Servers & the High End Desktop

AMD's server roadmap for the next two years is a bit more conservative. We'll see Piledriver updates from top to bottom but there's no significant departure from the way things are done today. There are no plans for any new sockets in the near term, just using existing platforms to grow AMD's server marketshare without huge new investments.

As AMD's client strategy is predominantly built around APUs, the only high-end desktop parts we'll see from AMD are low-end server CPUs. Socket-AM3+ has a future for one more generation and we'll likely see other single-socket, high-end platforms for the desktop. The days of AMD chasing Intel for the high-end desktop market are done though. That war is officially over.

The Ace: HSA

AMD isn't going to have the fastest general purpose x86 CPUs on the market and it is no longer interested in pursuing that goal. It does promise to have much better on-die GPU performance than Intel. For users today that's primarily an advantage in 3D gaming. As more workloads shift to the GPU however, AMD could have a significant advantage here. The problem is that seamlessly scheduling client workloads across CPUs and GPUs just hasn't happened, the two islands of compute horsepower have remained discrete - even on the new wave of integrated APUs.

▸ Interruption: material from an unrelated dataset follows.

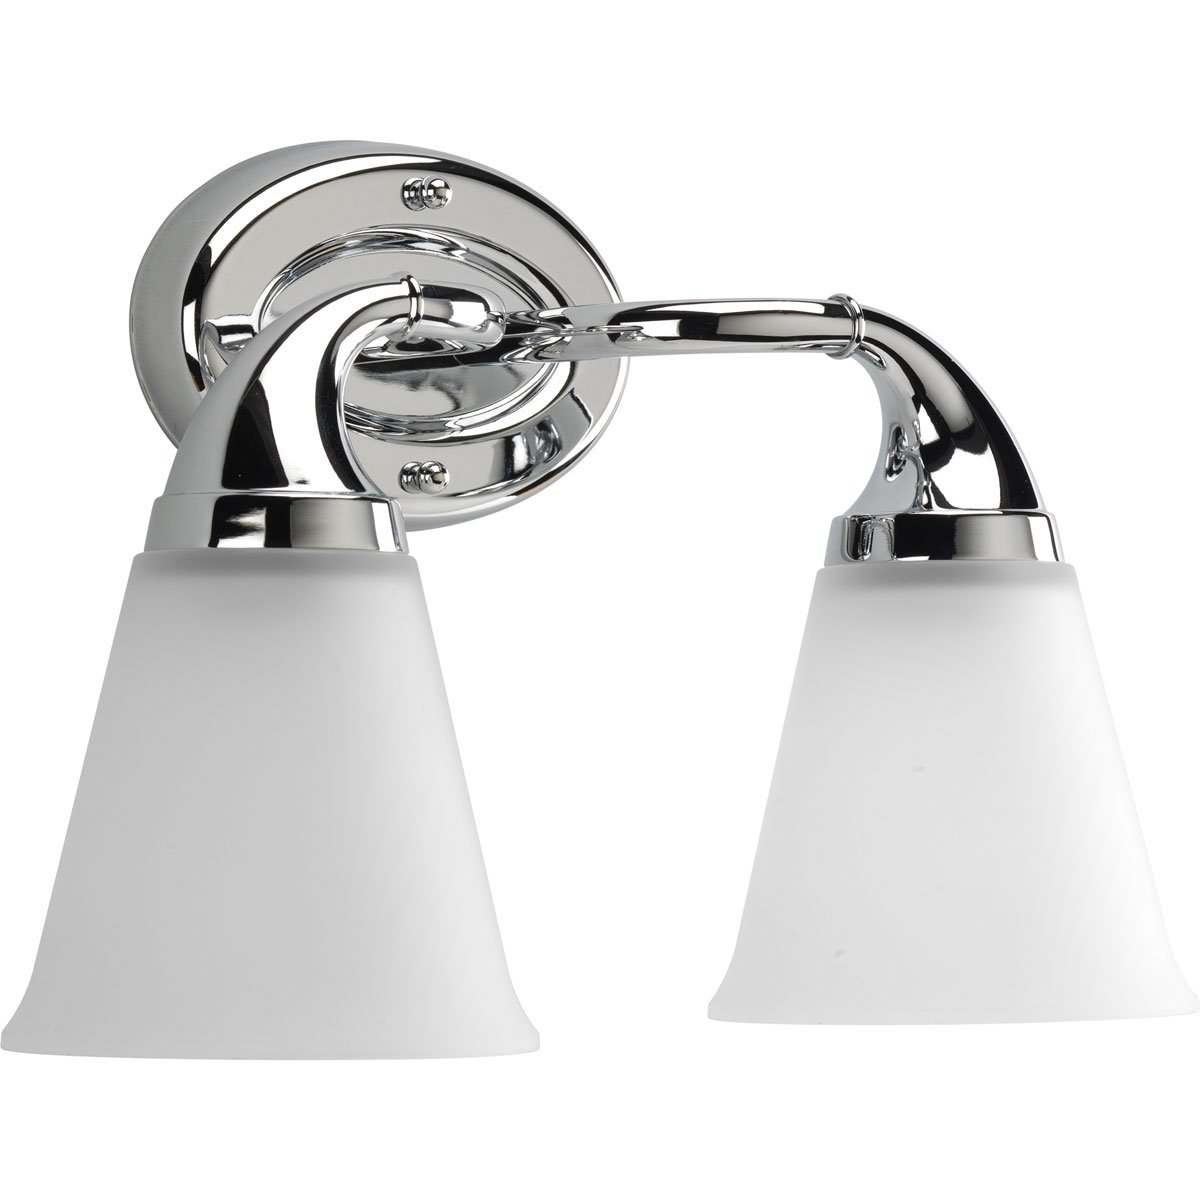 bathroom lighting fixtures photo 15. progress lighting p275915 2light bath which mounts up or down polished chrome vanity fixtures amazoncom bathroom photo 15

AMD's Heterogenous Systems Architecture (HSA) plans to change that. AMD wants to see the creation of a virtual ISA that will be the backbone of a software layer that can schedule application workloads on any combination of underlying CPU/GPU hardware, regardless of the ISA of the hardware. If you have a workload that's best run on big, general purpose x86 cores, that's where it will run. If a task is better designed for highly parallel GPUs cores, it'll run there. And presumably if you had an ARM core somewhere underneath and the workload would run better on it, you'd be covered as well.

AMD plans on delivering an HSA enabled GPU family by 2014, with today's Graphics Core Next GPUs being an intermediary step that already fill a number of these goals. These HSA GPUs would be able to share the same memory space as CPUs and work seamlessly as coprocessors. Granted AMD doesn't have the best track record of quickly moving the industry with things like HSA (although AMD64 did work out quite well), so we'll have to wait and see how all of this plays out.

If AMD can get broad industry support for HSA then its APUs become much more attractive. The overall performance of AMD solutions would then become more compelling as they'd take both CPU and GPU architectures into account, again assuming the workloads require both.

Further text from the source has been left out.